Belief is the way we rationalize something that can not be seen as a whole… We break it up into little Ants, and we look at every part of the system under a microscope, we miss the hive, we can’t even see the Queen (my queen, you my love)

The rationalization of infinite knowledge abridged and edited and simplified into something the tiny fraction of consciousness that registers through our small insignificant meat machine and quantum microcomputers of a brain can comprehend… And all we know of life, all we evolved to see “out there” is only those things that could have killed us or prevented our survival… all we know of ourselves, is the love we receive in this world due to our impact on it (our way, to attempt no footprint, but make the world better, to pull no one to safety but attempt to shield them from harm), the only thing that makes us not afraid is having the scary things go as soon as we ask them to, you know I never intend to scare anything.

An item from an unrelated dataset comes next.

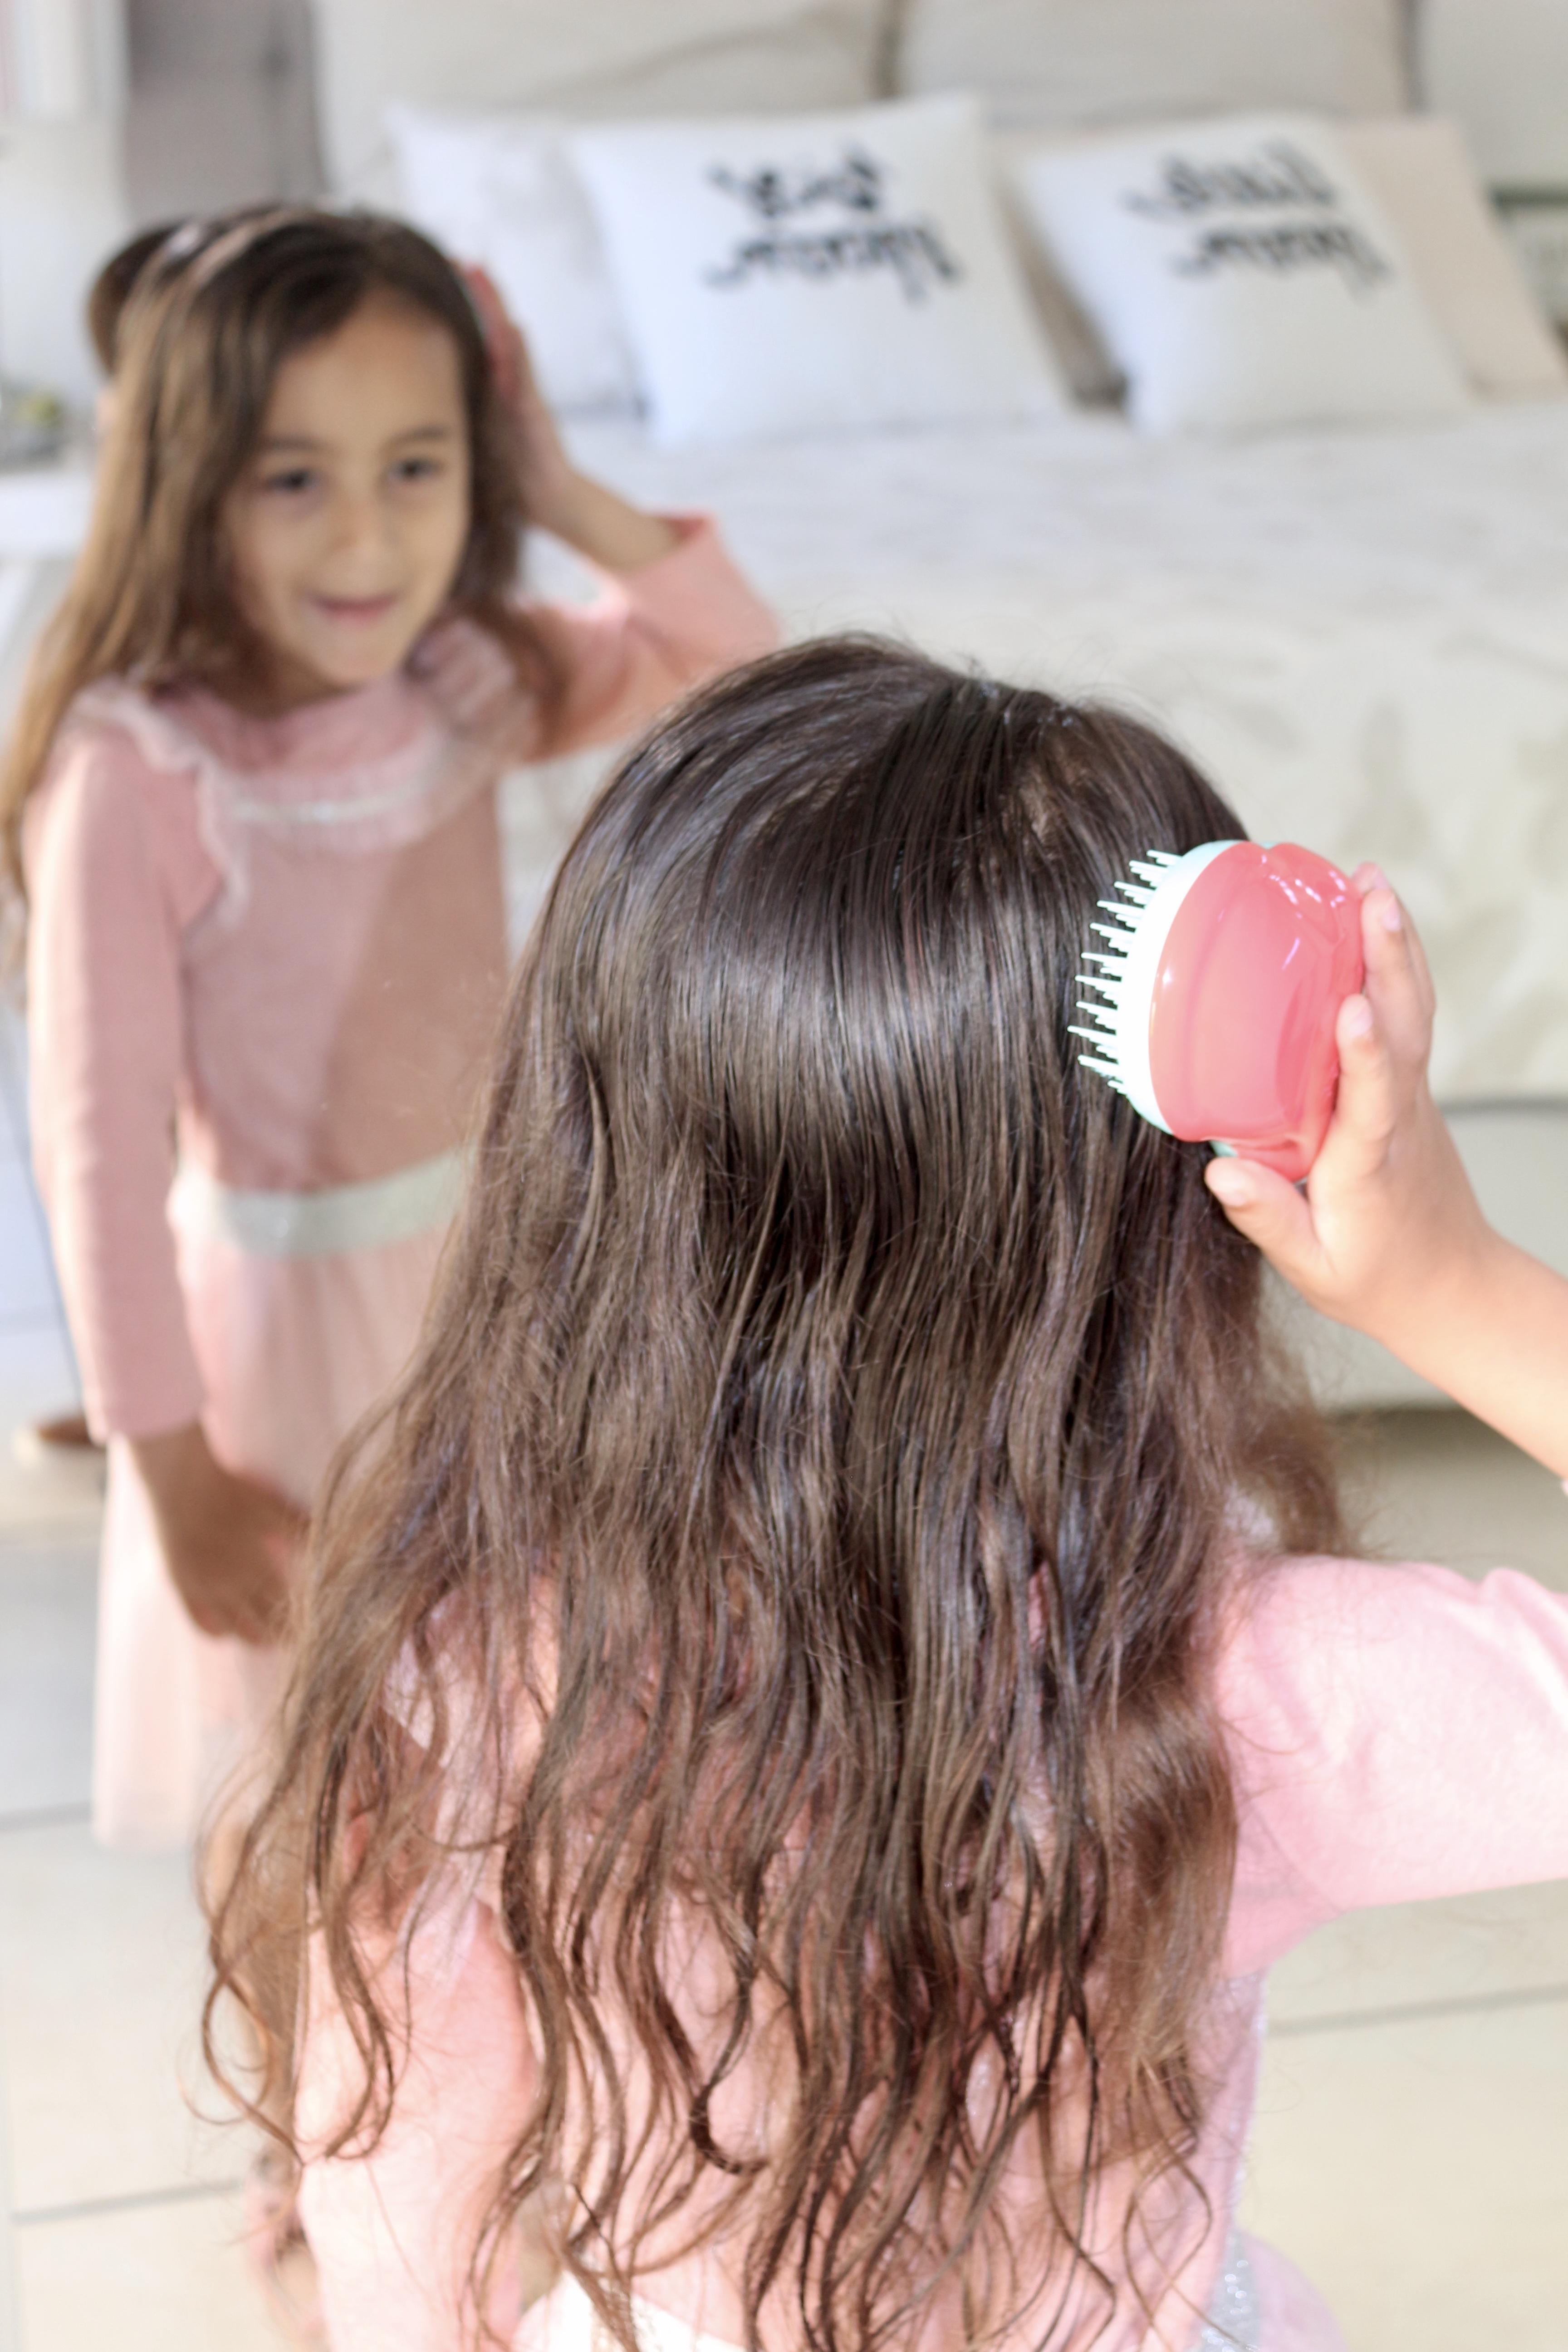 hair brushing battles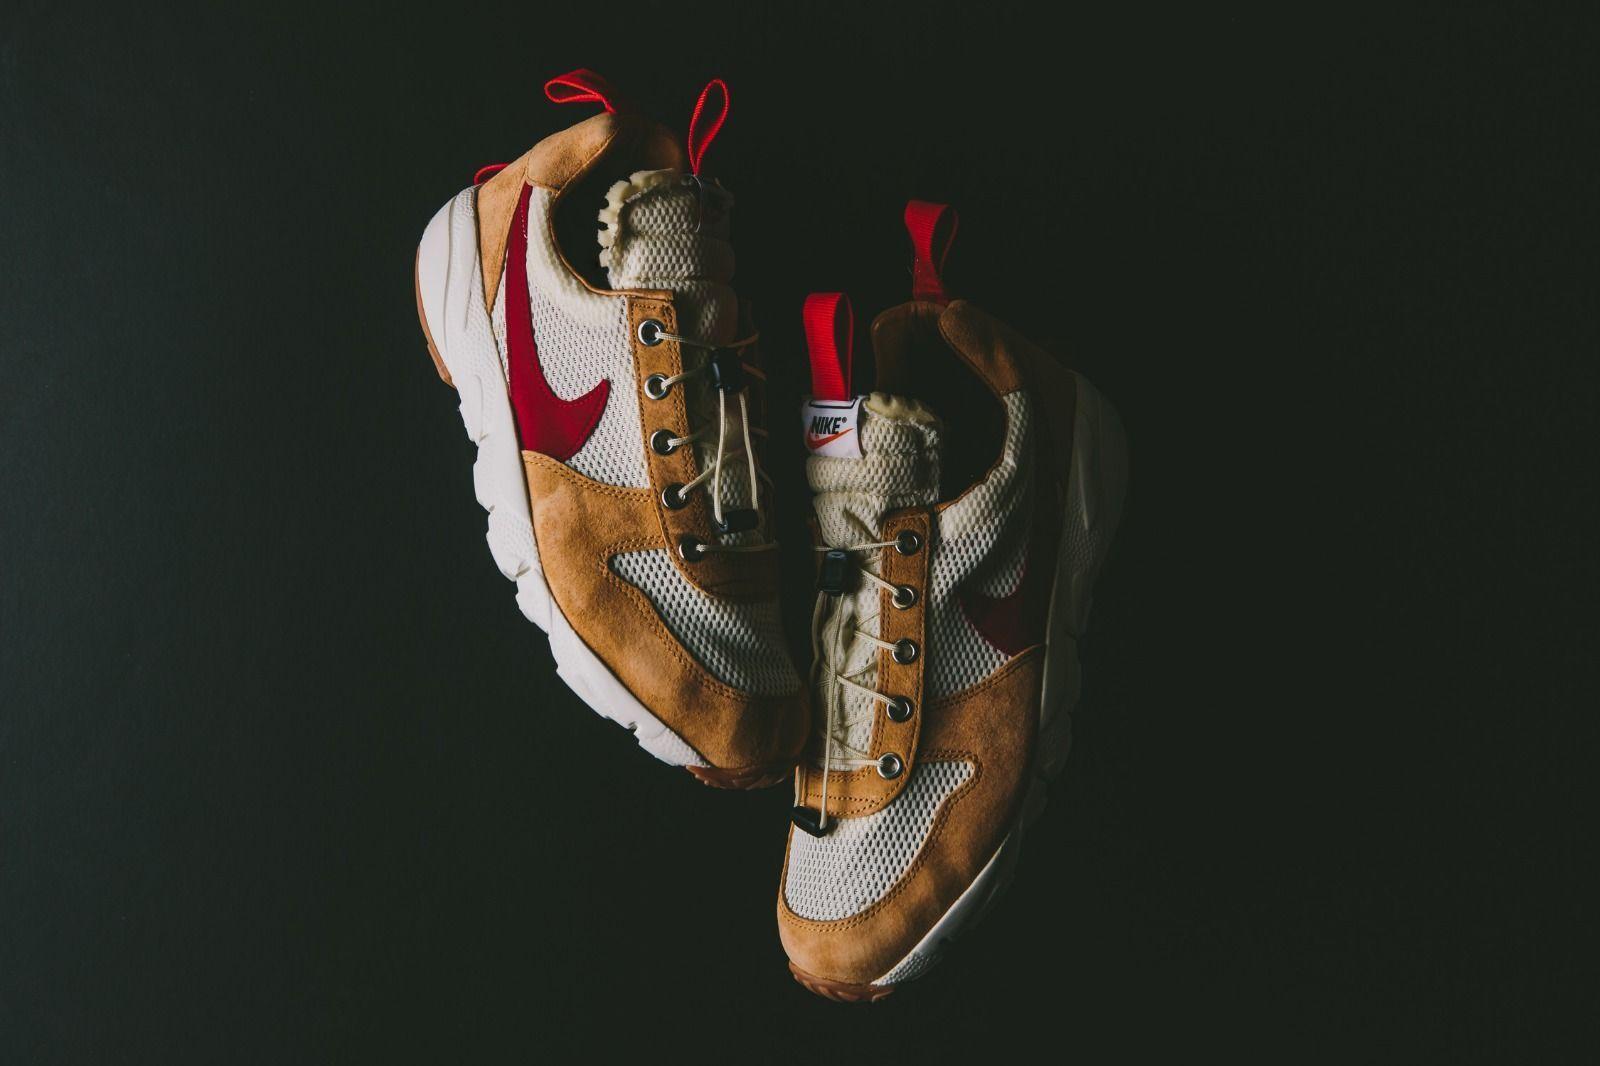 Nike Air Mars Yard 2.0 Footscape Hybrid/Air Jordan 3 Mars Yard Overshoe 'Fireproof' bespokeind

So again… What is belief? Is Magic real, can someone see all the ants 20 years ago, and heard them… With infinite time and infinite space, and infinite patience, Focus, and a belief he can, with a Queen at his side. Yes he can. How did he do it, one piece at a time, slowly building an ANT farm, people kicked it over, the ants moved around the globe together, someone puts water on it, 2 ants replace each one. How do I know, that when I touch something it won’t vanish into dust… The same way I know when I hold my child that it is a part of me… I take down all my defenses, I am pure honestly, pure vulnerability, and I believe in Love…

You made me believe in unconditional love… For the first time in my life… and showed my I hadn’t lost my dream at all. How do I know through all the fractured facets of micro information that my brain processes and simplifies into one simple moment… How do I have faith that it won’t turn to dust when I hold on to that belief as tightly as I can… I believe in the strength of my faith and my unbroken and never wavering resolve to love this life and learn all I can so I may rejoin my goddess in heaven when I die and not be bound to this earth with material things. Then I plan to live each day with you in my soul… My beautiful wife Shona. How do I know you wont shatter when I lean on you? I know because like knowing I am real… Knowing my soul exists… Your strength I need to lean on isn’t just a belief in a trick of the senses… It is a feeling that I know straight to my soul, the knowledge of what is absolute… I believe the earth will not vanish under my feet, and I may take a step based on that belief… I know that this is love… I don’t need the vibrations of the universe to show it to me, my love for you… is the object at rest the “real” that can’t be seen, touched, tasted, heard, smelled… It is not the rejected photons of matter that mainstream through my eyes into my retina cresting a delusion of color. You simply are my wife… I don’t need faith, or belief, to simply Know that it was you the day we met, I just needed to not fear you my Valkyrie, to see you as Equal my Freyja, “There you are” same Chi tattoos and all “Magic”… To be your knight in tattered armor who deserves a Valkyrie. To be your Odr, now tattood forever on you as your octopus corset so many people admire even though it’s a symbol of your love for me and only me, the Sea Monster that still deserved the love of his wife and goddess of Mercy, no matter who didn’t like him or wanted her more. My captain of the Valkyries, goddess of luck, Freyja.. I don’t need to rationalize it… It is.

I hope no one actually ever turns me into a sea monster, if they did, I know you would Stay.